Question

A ranger in a national park is driving at 28.0 mi/h when a deer jumps into the road 155 ft ahead of the vehicle. After a reaction time t, the ranger applies the brakes to produce an acceleration of a = -9.00 ft/s2. What is the maximum reaction time allowed if she is to avoid hitting the deer?

Accepted Answer

1. A ranger in a national park is driving at $28.0 \, \mathrm{mi/h}$ when a deer jumps into the road 155 ft ahead of the vehicle.

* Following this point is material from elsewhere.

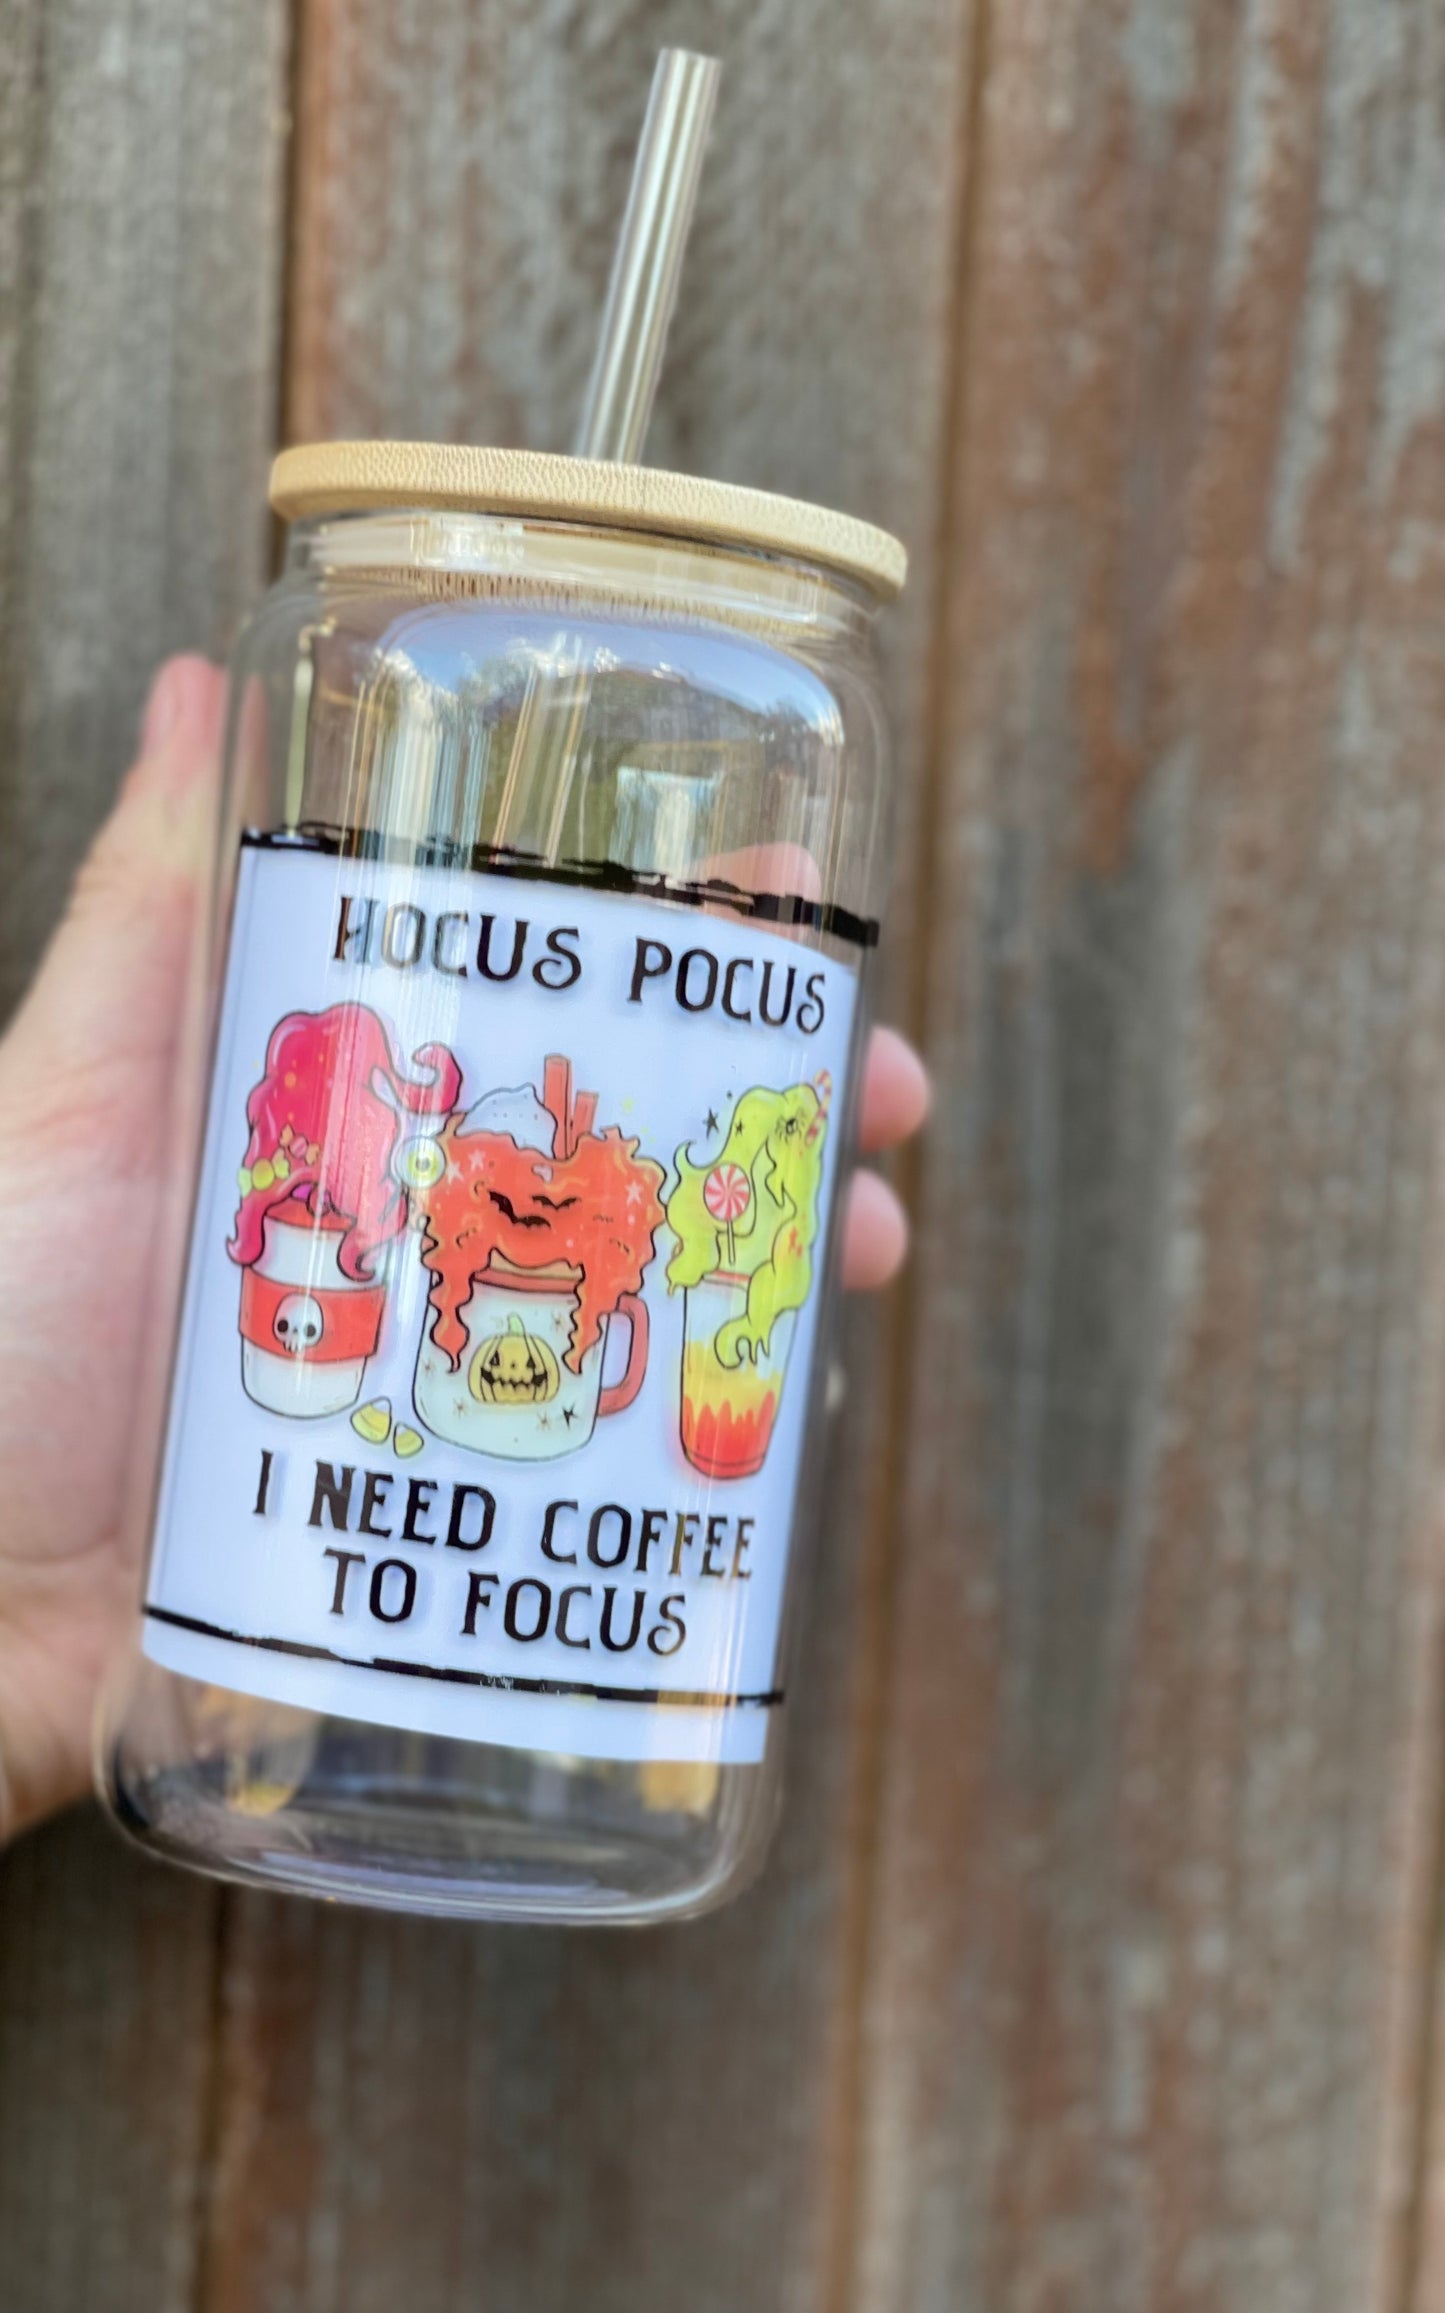 Hocus Pocus Glass Cup
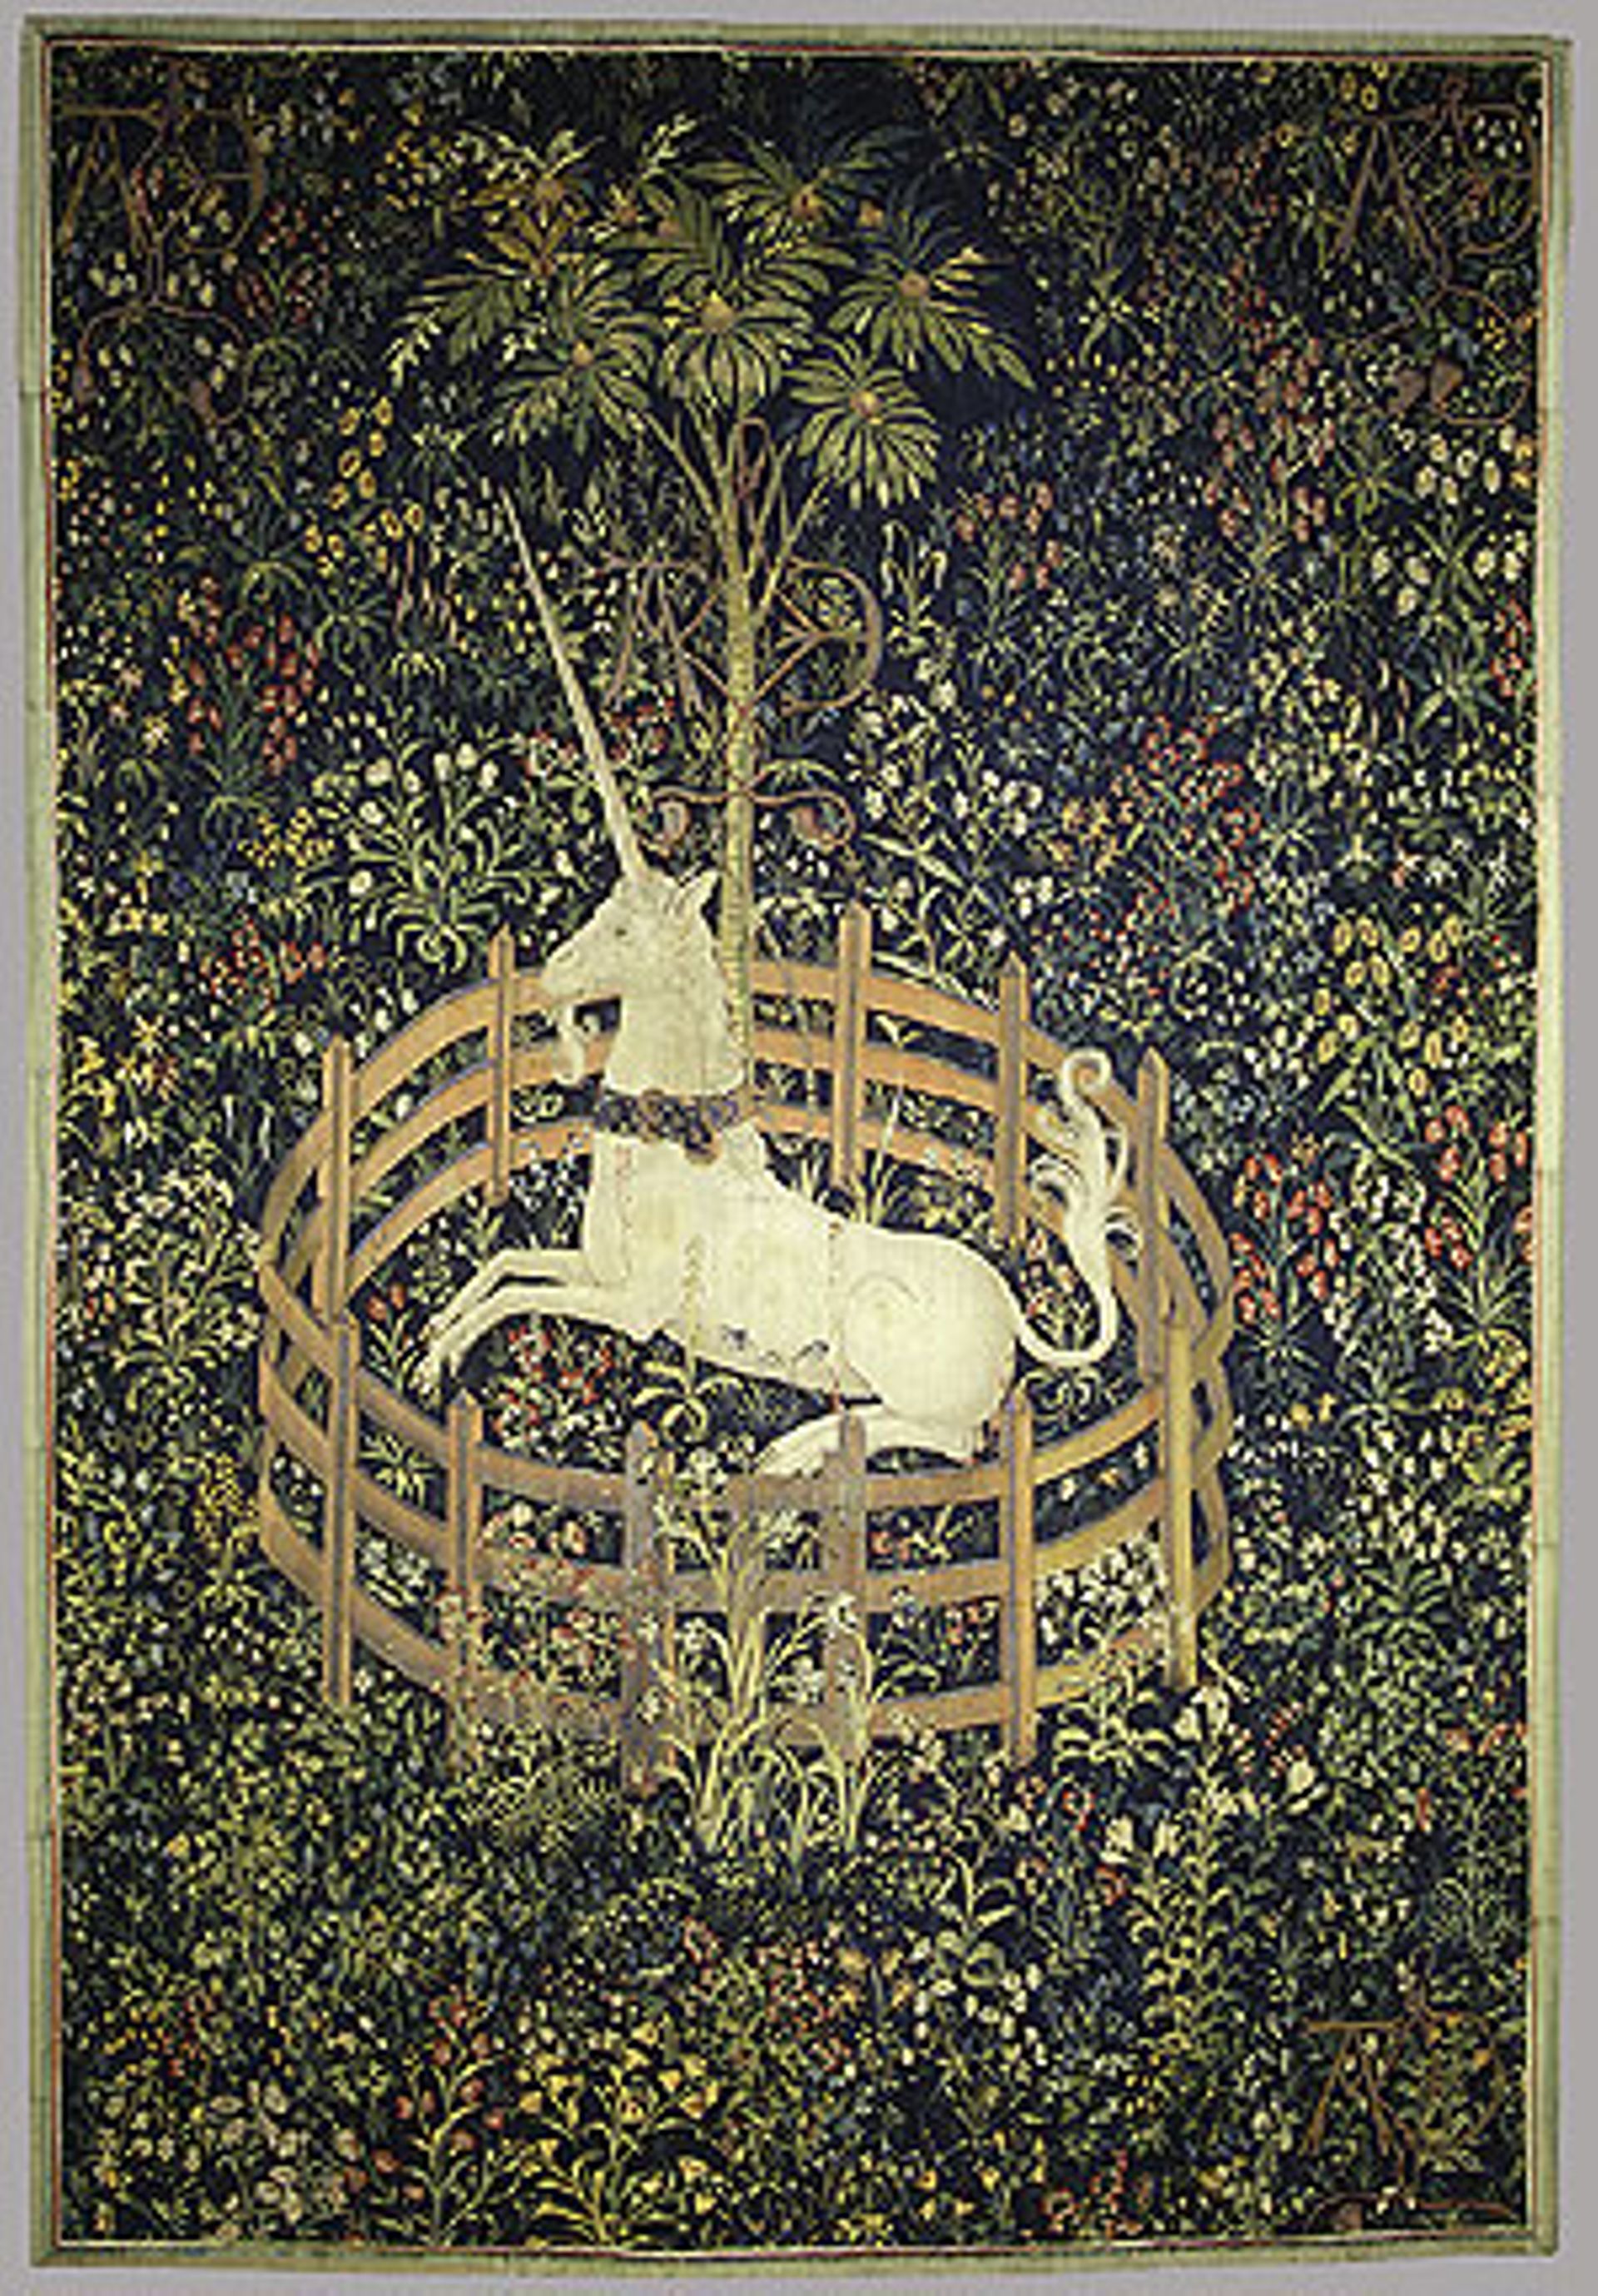 « Licorne en captivité », panneau de tapisserie de la série La chasse à la licorne de style mille-fleur.

After a reaction time $t$ , the ranger applies the brakes to produce an acceleration of $a = -9.00 \, \mathrm{ft/s^2}$ . What is the maximum reaction time allowed if she is to avoid hitting the deer?

**Solution.**

The maximum reaction time is for the case when the ranger stopped directly opposite the deer, so he covers the distance $d$ . The movement of the ranger's car is with the constant velocity during the time $t$ , and then with the constant acceleration until stopping the car:

d = v \cdot t + \frac{v^2}{2a}.

We can express the time from the last equation:

t = \frac{d}{v} - \frac{v}{2a}.

Let check the dimension.

[t] = \begin{array}{l} \frac{ft}{ft} - \frac{ft}{s} \\ \frac{ft}{s} - \frac{ft}{s^2} = s. \end{array}

Let evaluate the quantity.

t = \frac{155}{41.1} - \frac{41.1}{2 \cdot 9} = 1.49(s).

**Answer:** $1.49s$ .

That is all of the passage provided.